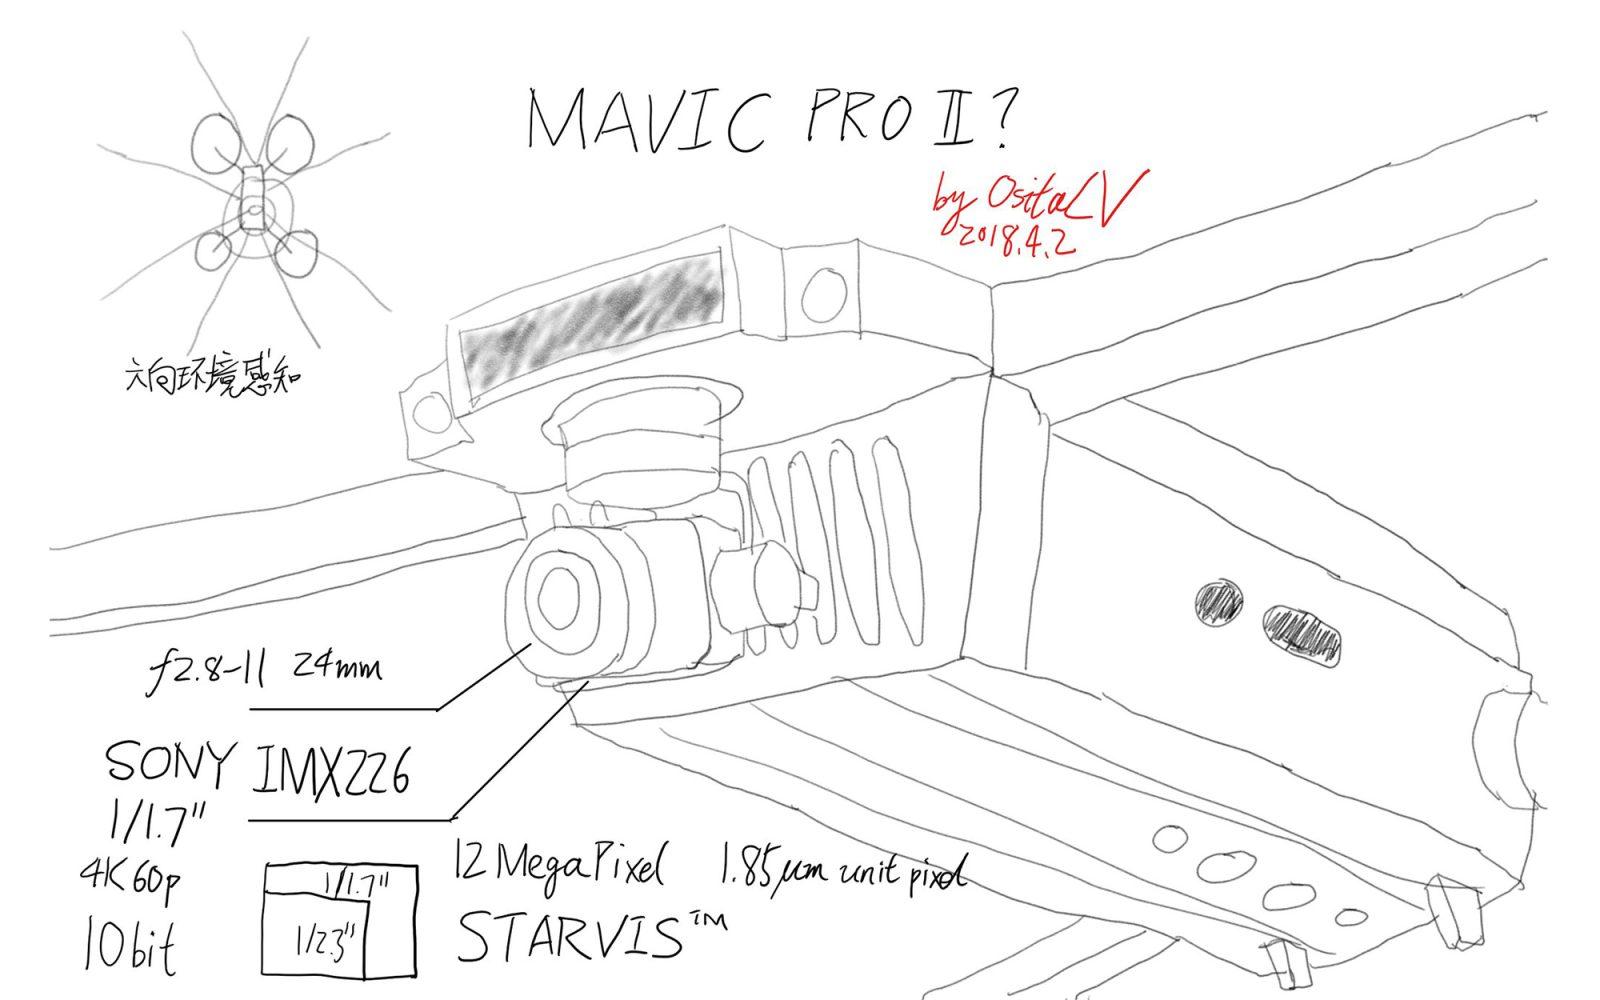 More details on rumored Sony image sensor for DJI Mavic
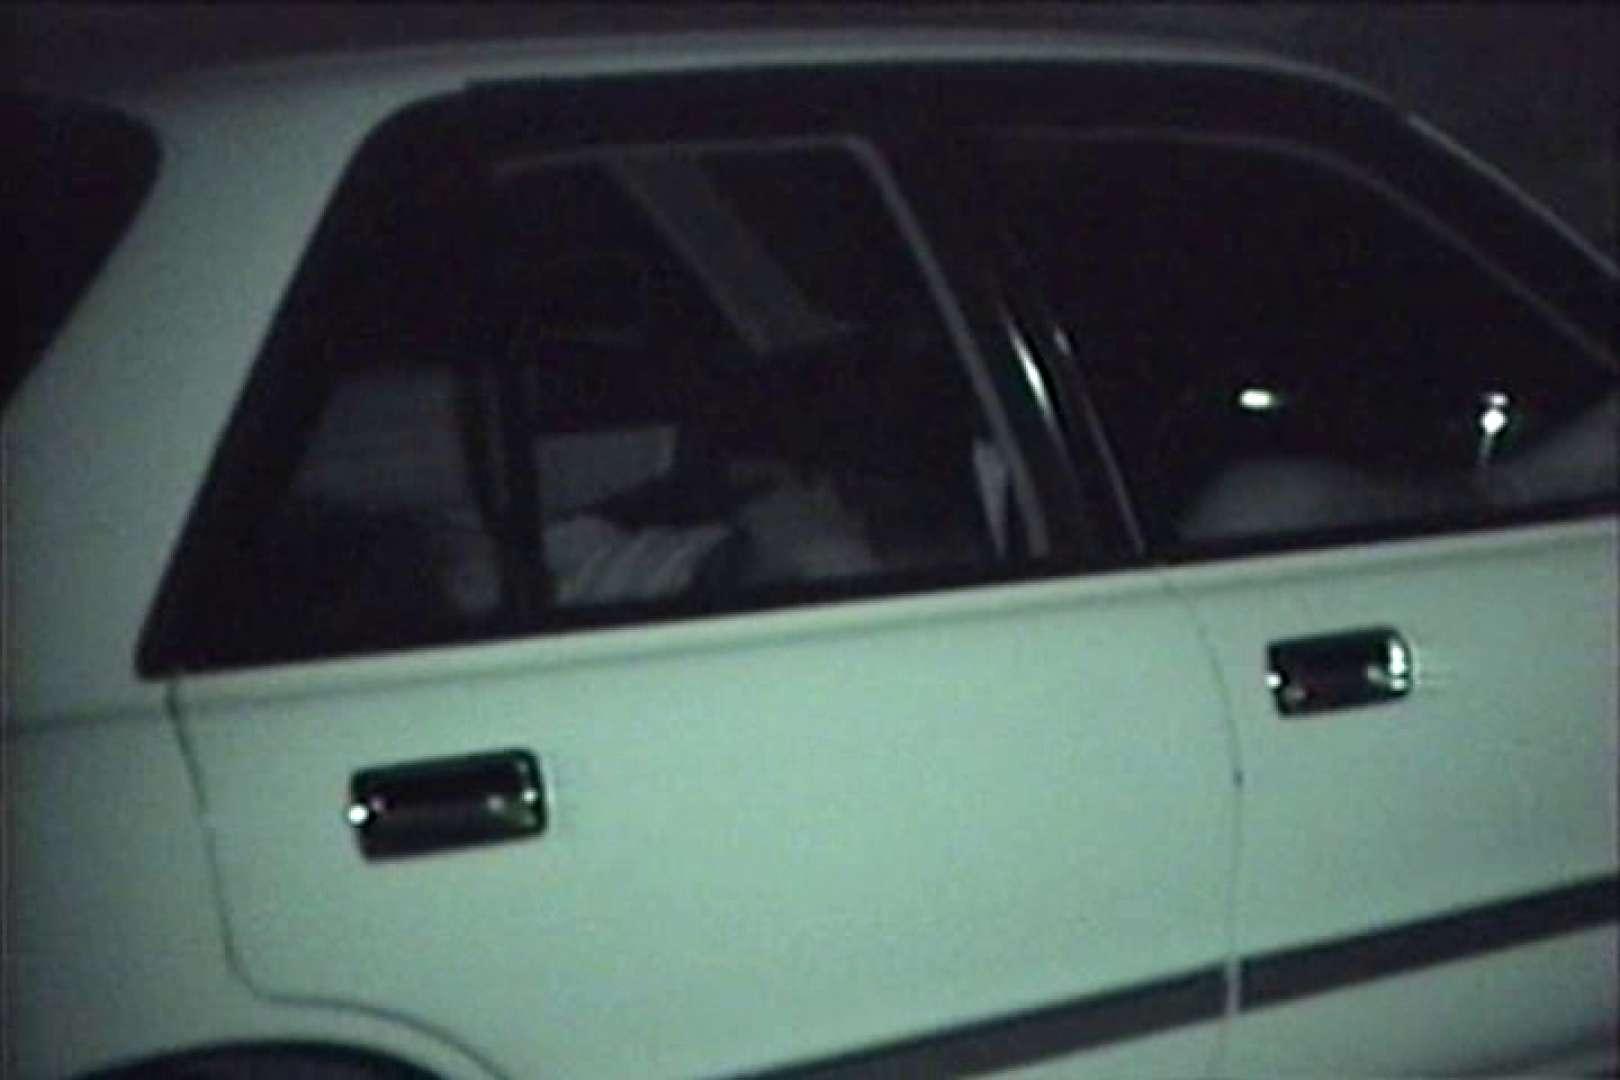 車の中はラブホテル 無修正版  Vol.18 喘ぎ 戯れ無修正画像 100pic 34
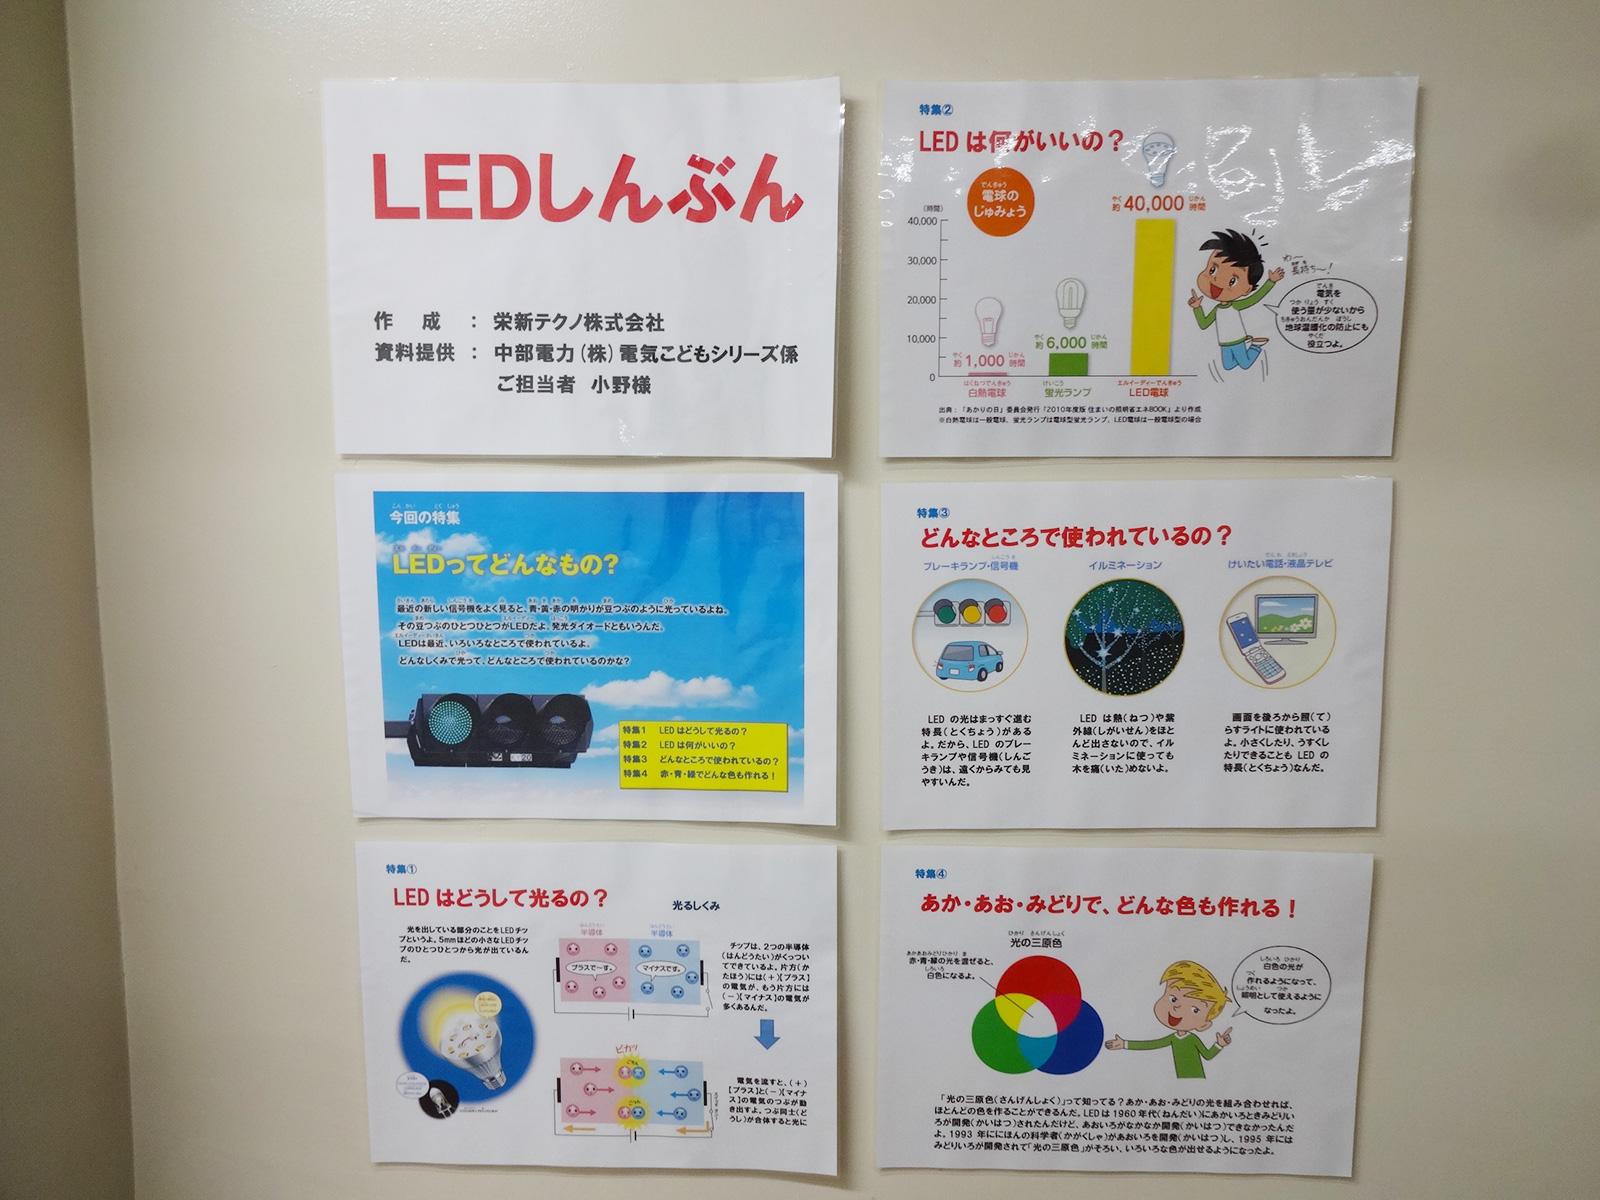 小学校照明LED化工事

- [ABOUT THIS EXERCISE] Copy out every line of the data above, taking care to leave the pictures out.

- [ANSWER AREA]
 More details on rumored Sony image sensor for DJI Mavic
 車の中はラブホテル 無修正版  Vol.18 喘ぎ 戯れ無修正画像 100pic 34
 小学校照明LED化工事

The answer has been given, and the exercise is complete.